Highlights & Insights¶
- Reveals a profound paradox: Reasoning enhancement makes models "smarter but less honest," issuing a fundamental warning to all current research trajectories that pursue reasoning scaling.
- Exemplary experimental design: The four-step elimination method systematically builds causal evidence with rigorous logic.
- Mechanistic analysis with depth: CKA representation analysis combined with activation probe localization answers not only "what" but also "why" and "where."
- Core insight: Tool hallucination is neither overfitting nor instruction-following degradation — it is an intrinsic side effect of reasoning enhancement.
Limitations & Future Work¶
- Focus on single-step tool calls only: Real-world agents involve multi-step tool chains, where hallucination effects may compound.
- Incomplete causality: The mechanism analysis reveals correlational patterns but does not provide a complete causal explanation.
- Limited mitigation strategies: Only prompt engineering and DPO are evaluated; approaches such as process supervision and constitutional AI remain unexplored.
- Future work should develop training objectives that jointly optimize capability and reliability, rather than applying post-hoc fixes.
Related Work & Insights¶
- vs. ToolBeHonest: Focuses on diagnostic evaluation of tool use but does not investigate the relationship between reasoning enhancement and hallucination.

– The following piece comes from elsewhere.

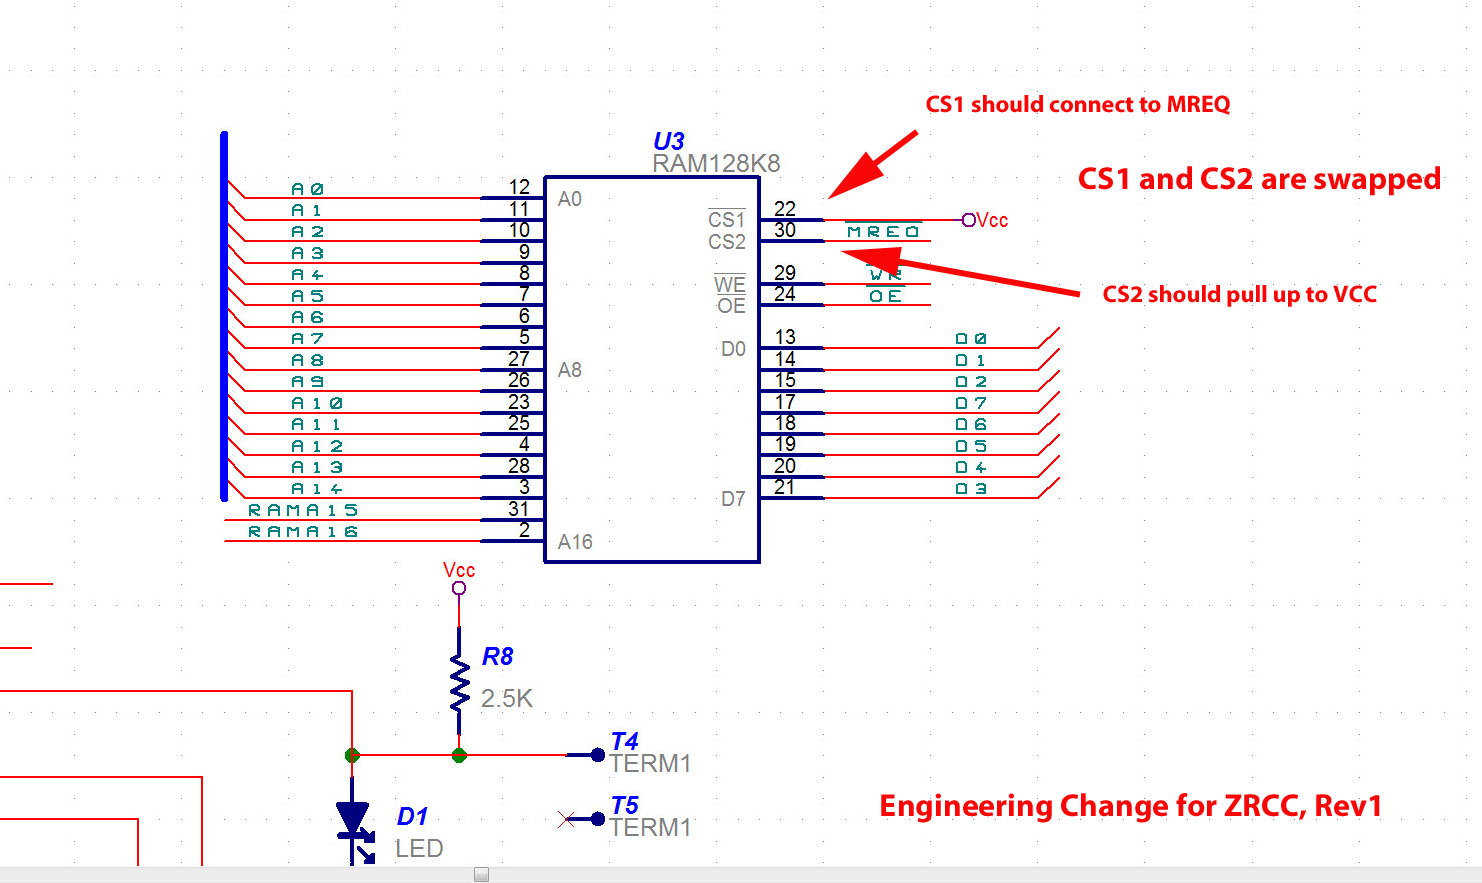 www.retrobrewcomputers.org_lib_plugins_ckgedit_fckeditor_userfiles_image_builderpages_plasmo_zrcc_zrcc1_zrcc_scm_rev1_ec.jpg

- vs. ReCall: A state-of-the-art agent reasoning RL framework; this paper exposes its "hidden cost."
- vs. DeepSeek-R1: Transfers reasoning capabilities through distillation; this paper demonstrates that hallucination tendencies are transferred alongside.
Rating¶
- Novelty: ⭐⭐⭐⭐⭐ First systematic establishment of the link between reasoning enhancement and tool hallucination; the finding is highly significant.
- Experimental Thoroughness: ⭐⭐⭐⭐⭐ Four-step elimination + mechanism analysis + mitigation evaluation; the experimental design is exceptionally rigorous.
- Writing Quality: ⭐⭐⭐⭐⭐ Clear logical chain; each experiment answers a specific question in a progressive manner.
- Value: ⭐⭐⭐⭐⭐ Issues a fundamental warning to current reasoning scaling trajectories; carries important implications for agent safety.